El Monasterio
El Monasterio «Aprovechad bien el tiempo, que es el tesoro del sabio; solo el loco lo prodiga, y el demonio aprovecha las horas de desfallecimiento para tentar».
(Comedia antigua).
Cuando el austero y sabio padre Eustaquio atravesaba el pequeño valle, este estaba envuelto en una de esas densas nieblas que suele traer consigo el mes de noviembre.
La estación, el duelo nacional y la soledad de aquellos parajes inspiraban tristeza y melancolía. El río, en su majestuoso curso, murmuraba sordamente, como deplorando la fuga del otoño. Entre los árboles que crecían en sus orillas, el roble, recordando días más hermosos, permanecía verde, mientras el sauce no mostraba más que su tronco pelado, cuyas hojas eran juguete del viento.
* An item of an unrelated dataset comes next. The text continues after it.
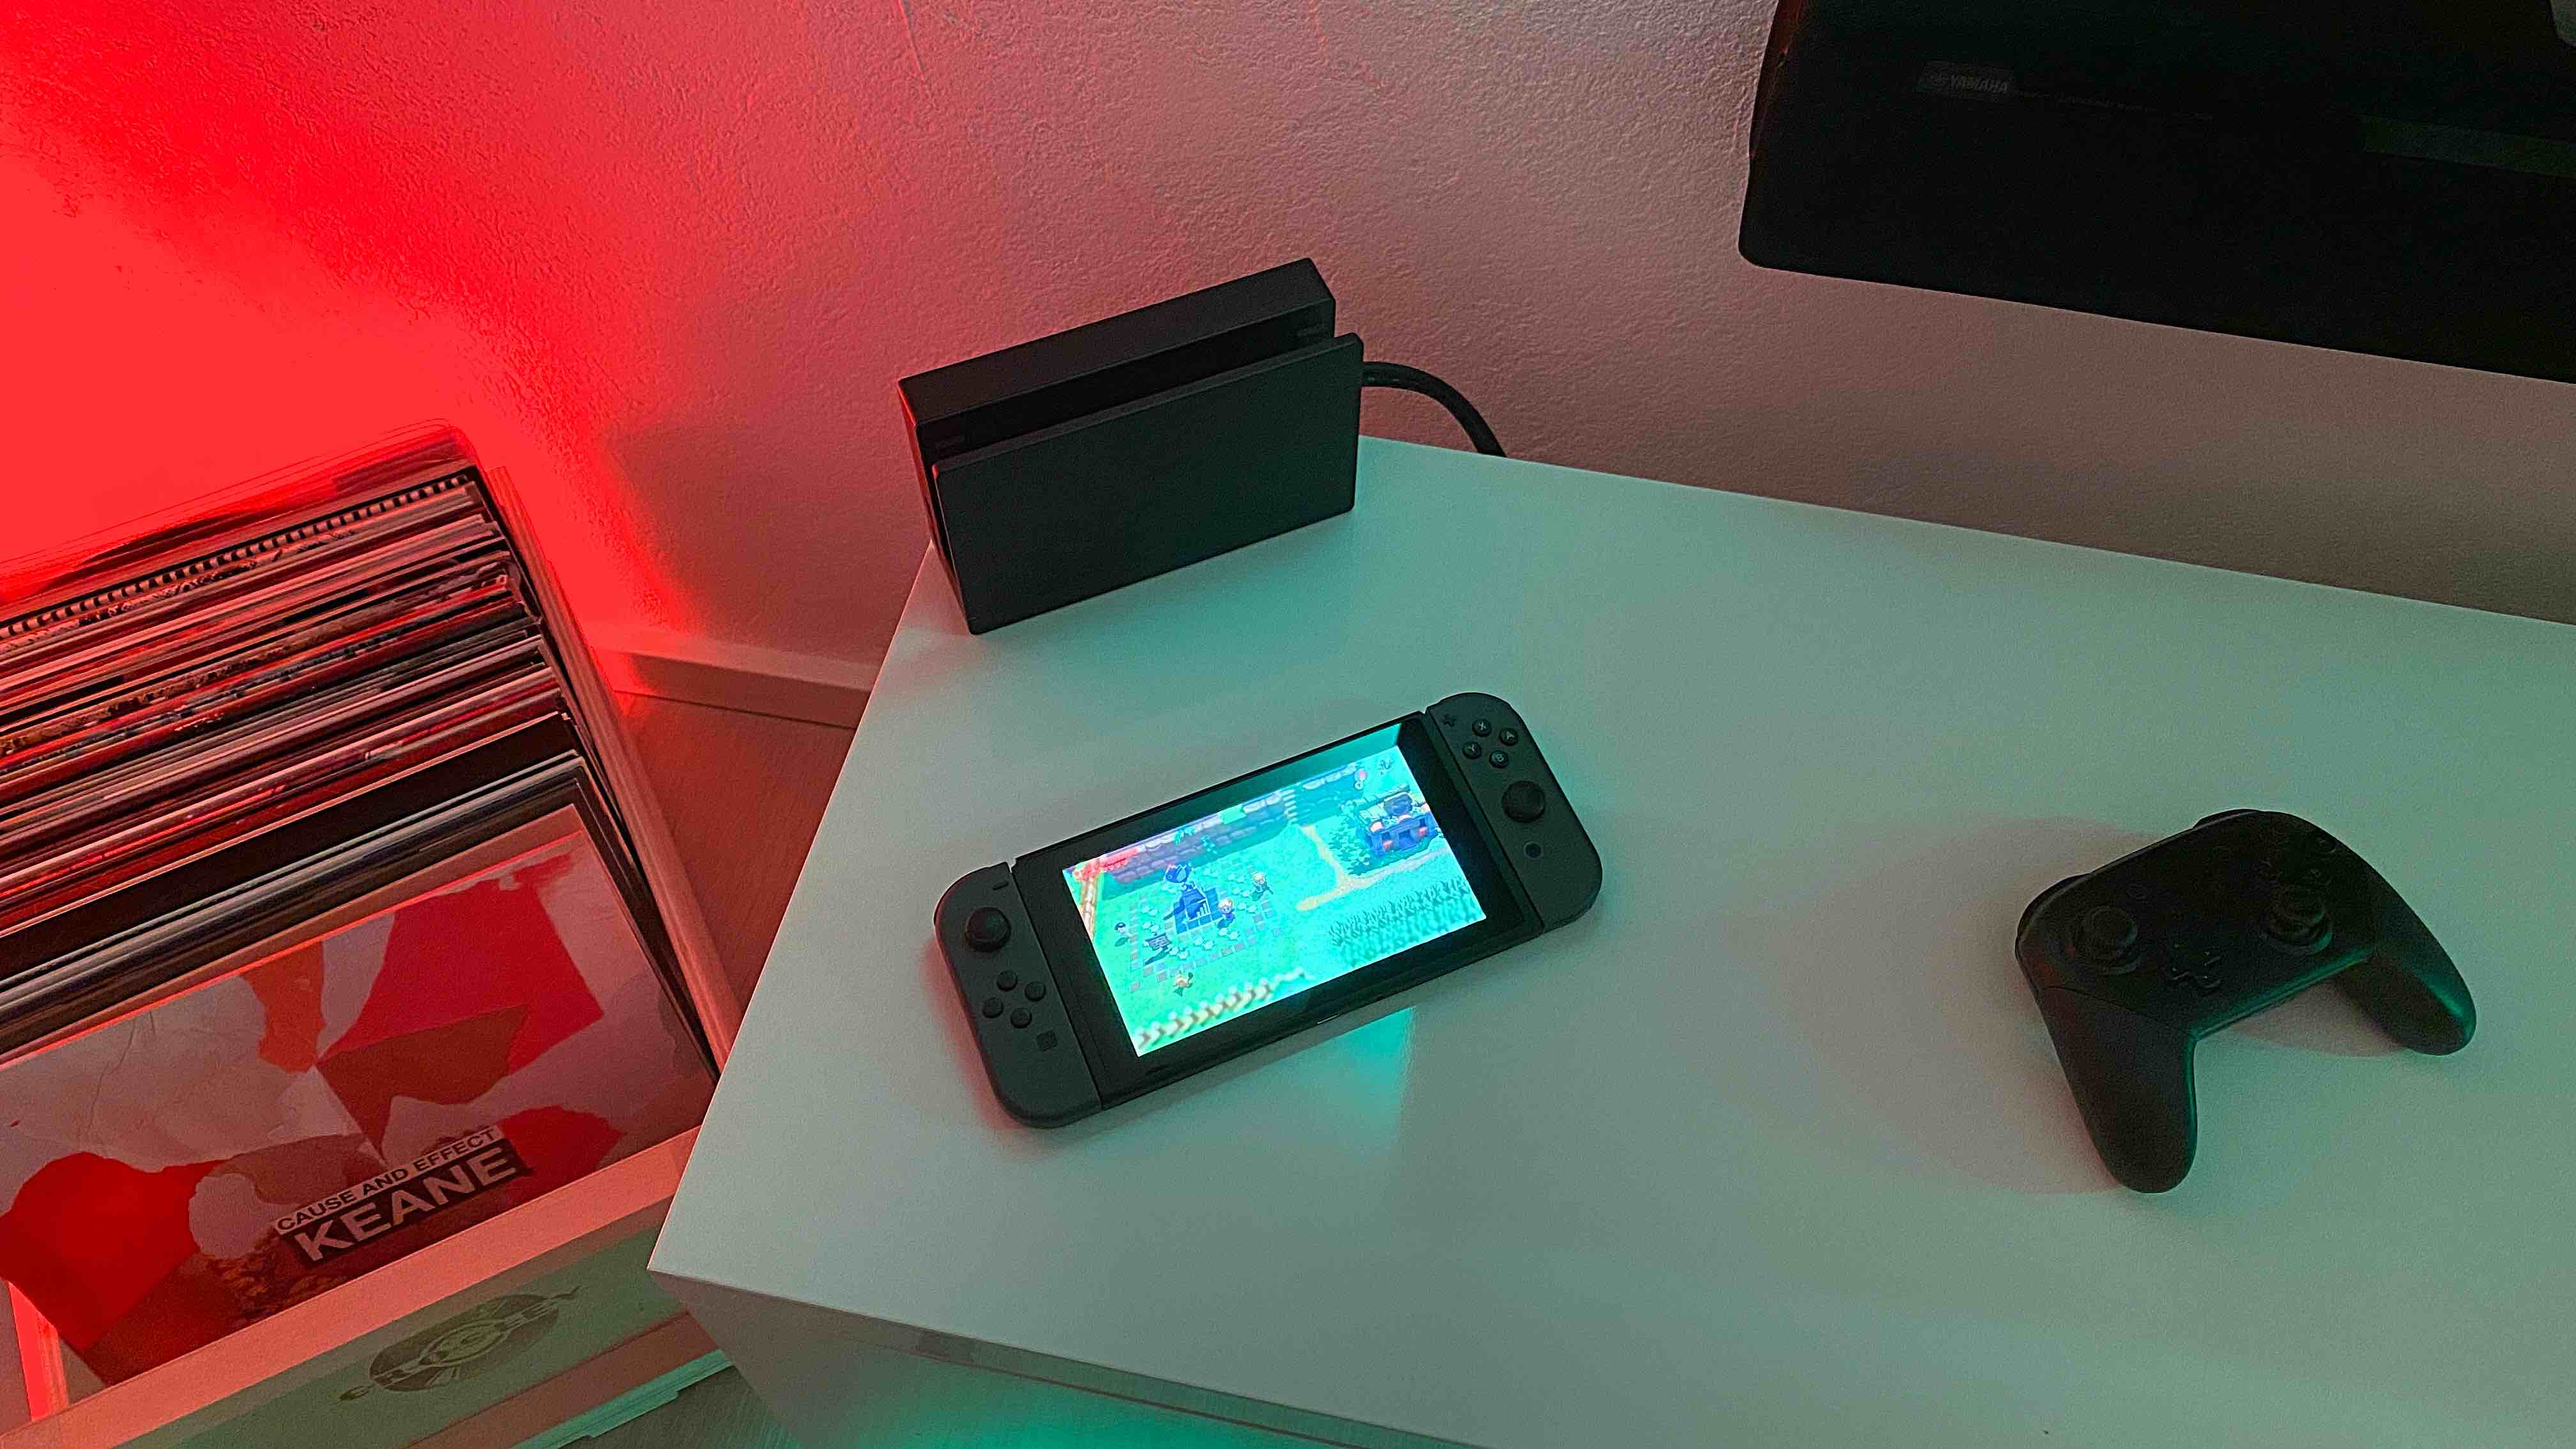 Die_Nintendotaktik_Nintendo_Switch_Rot_Grün_Weiß_Controller_Kolumne_Artikelbild-1 Die Nintendotaktik
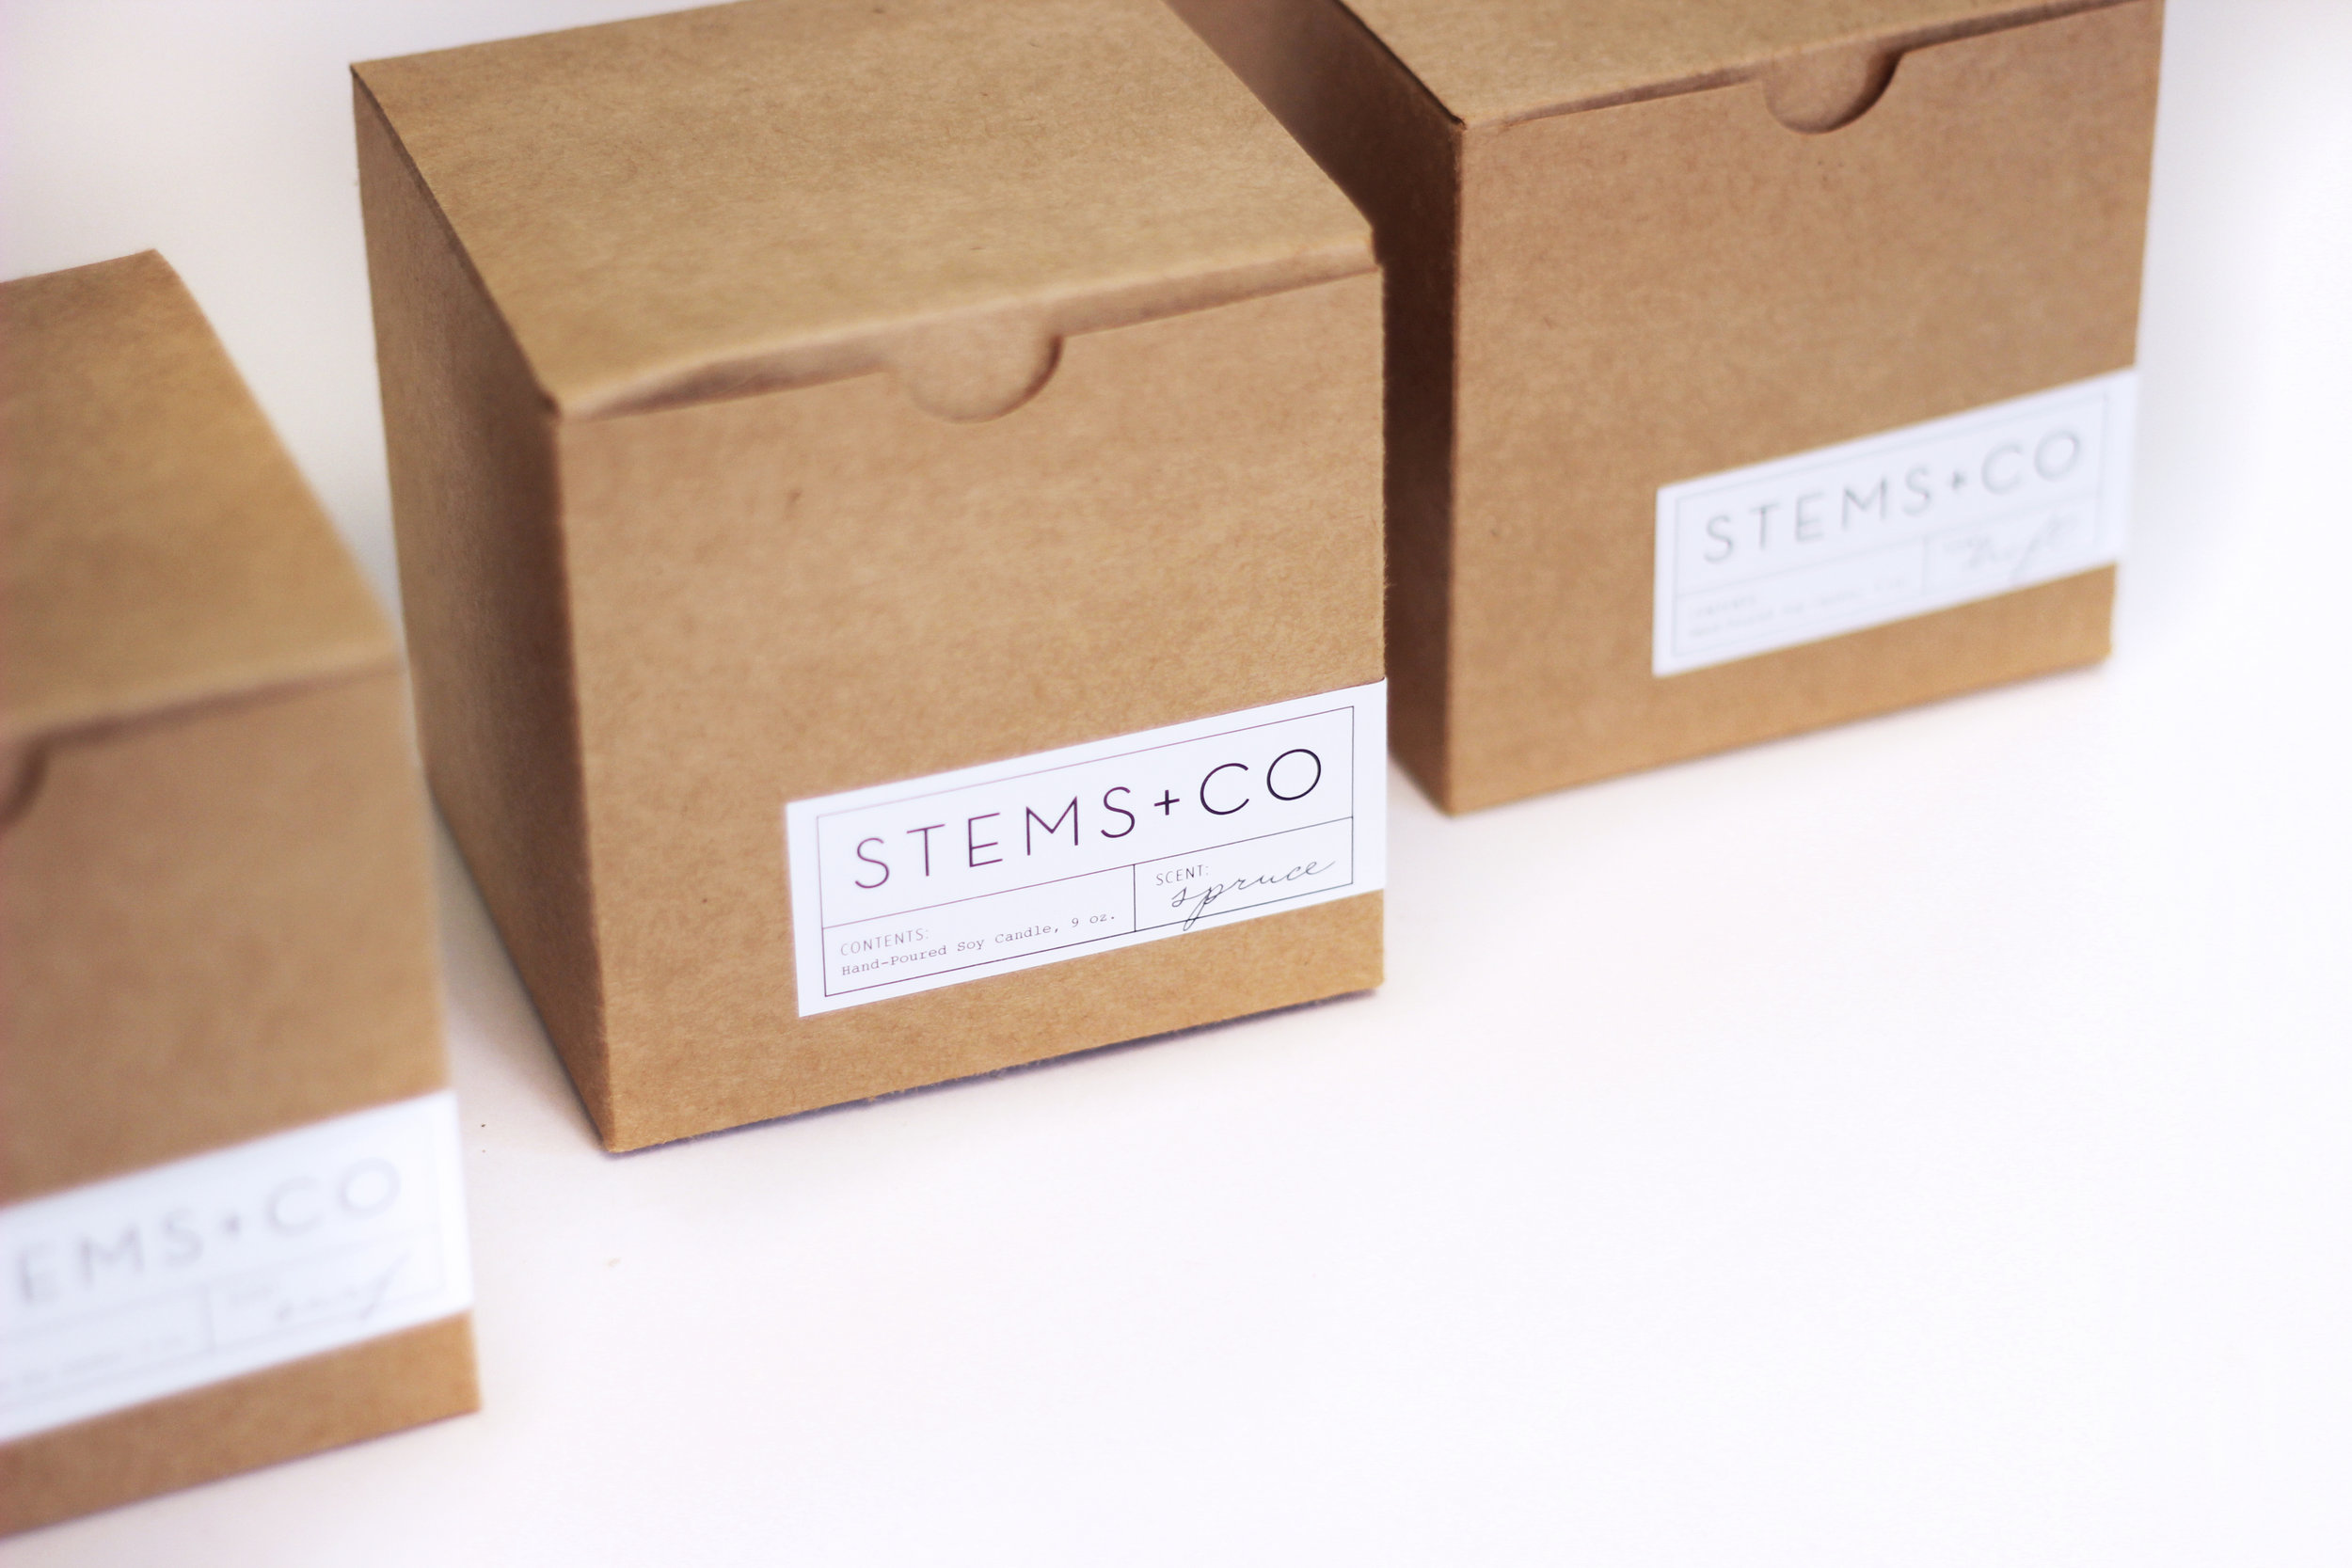 Stems+Co_Candles_10.jpg

Mientras caminaba, el buen fraile creyó ver más de una; esta impresión era solo momentánea, pues siempre que dirigía con atención la vista al sitio en que le había parecido divisarla, convencíase de que un objeto cualquiera, una roca o el tronco de un árbol, afectaba la forma del fantasma que en su imaginación surgía.
El fraile caminaba absorto en las sombrías reflexiones que sugieren de ordinario esos emblemas patentes de la fragilidad de las cosas humanas.